YOUR GOAL —
Below is a listing; print exactly its lines from the one containing "Vintage Rain Dance" down to the one containing "Walnut Scoop Back Chair - Light Brown", both inclusive, with every picture left out.

INPUT DATA —
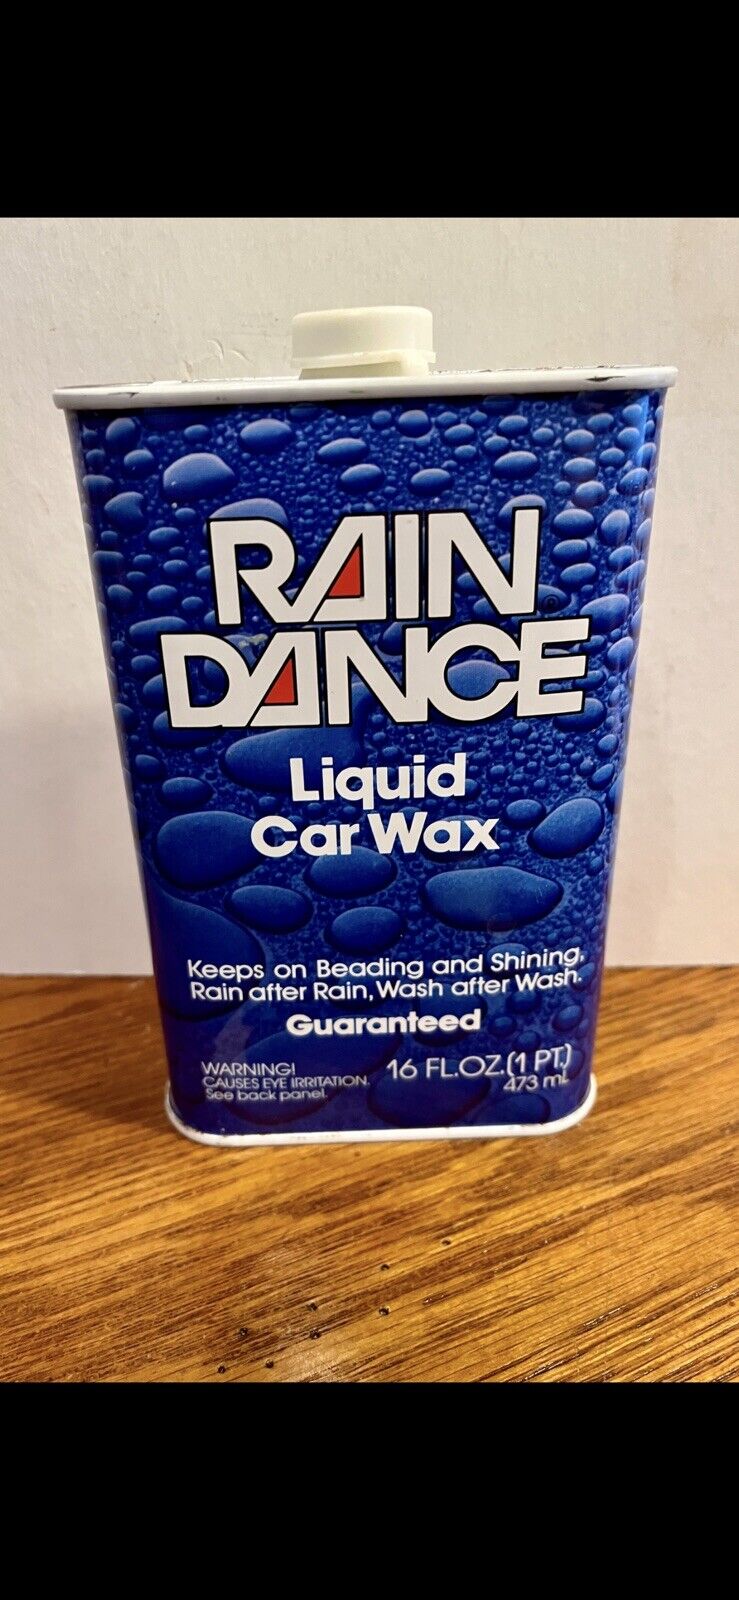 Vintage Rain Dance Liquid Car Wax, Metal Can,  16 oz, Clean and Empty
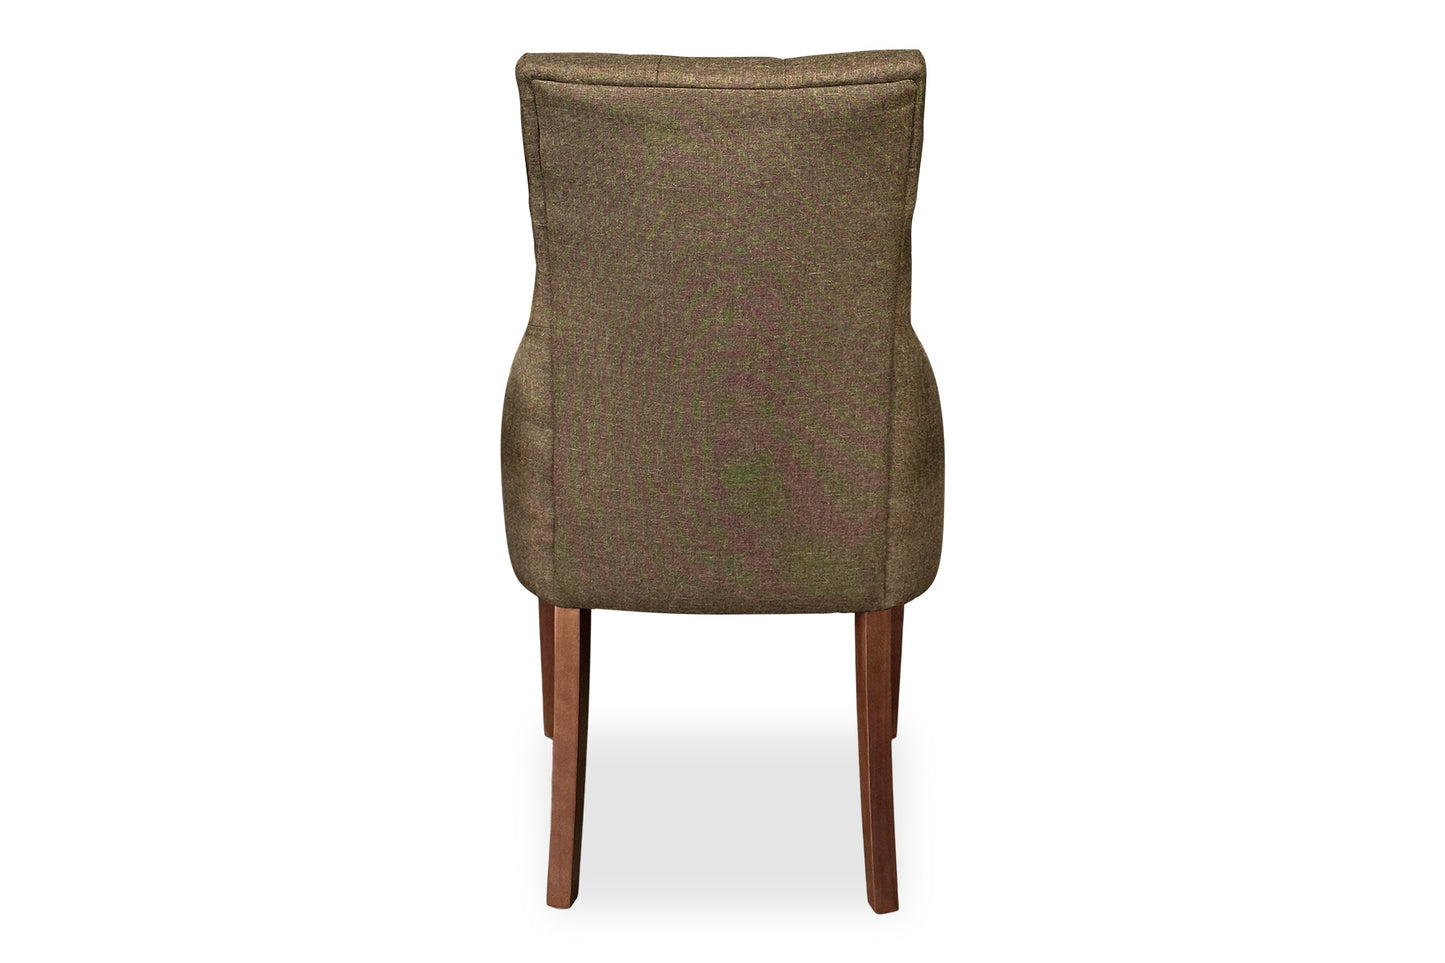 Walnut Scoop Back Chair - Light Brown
---
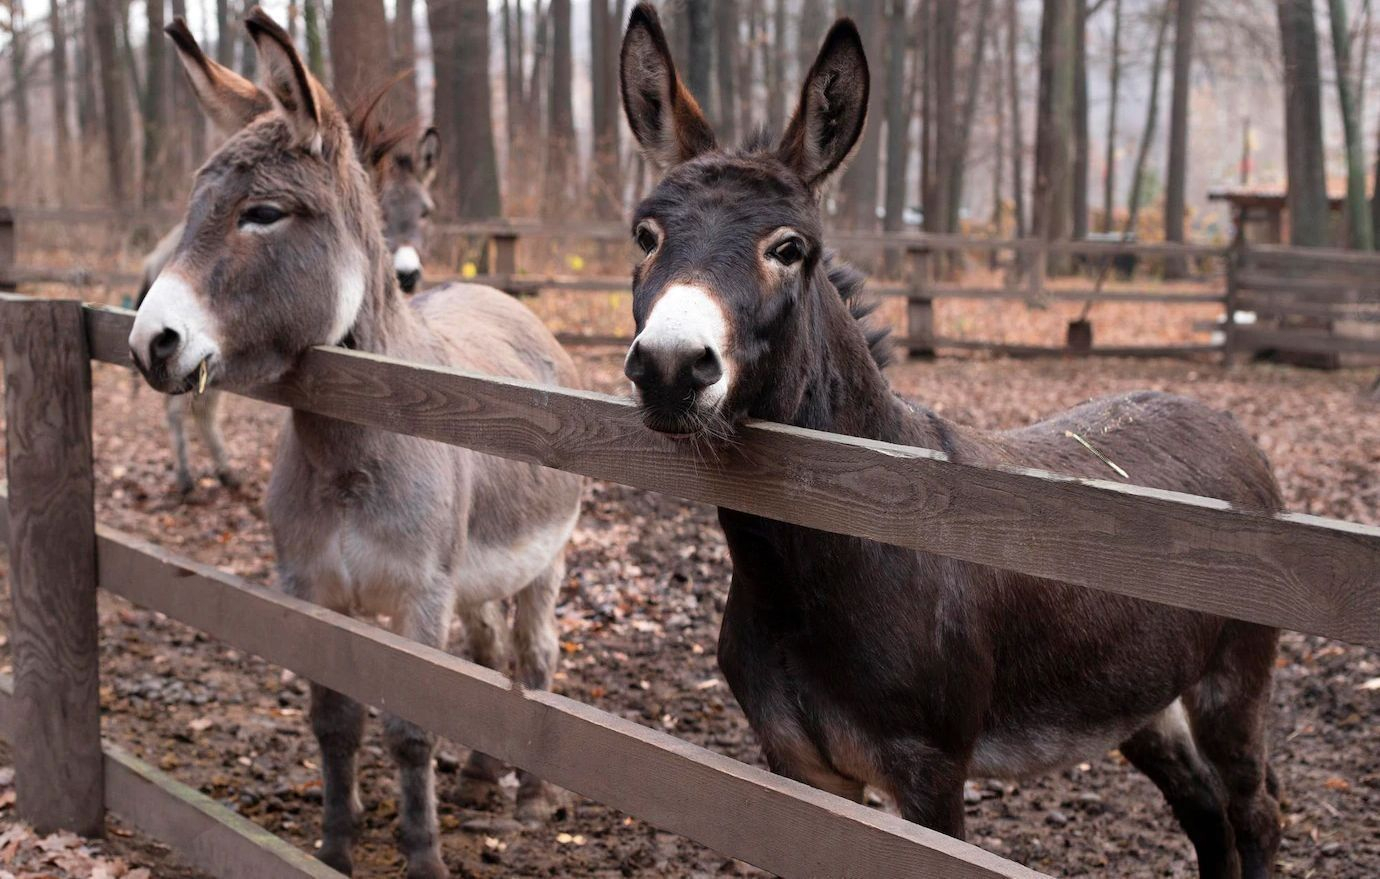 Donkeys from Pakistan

ANSWER SPACE —
 Vintage Rain Dance Liquid Car Wax, Metal Can,  16 oz, Clean and Empty
 Walnut Scoop Back Chair - Light Brown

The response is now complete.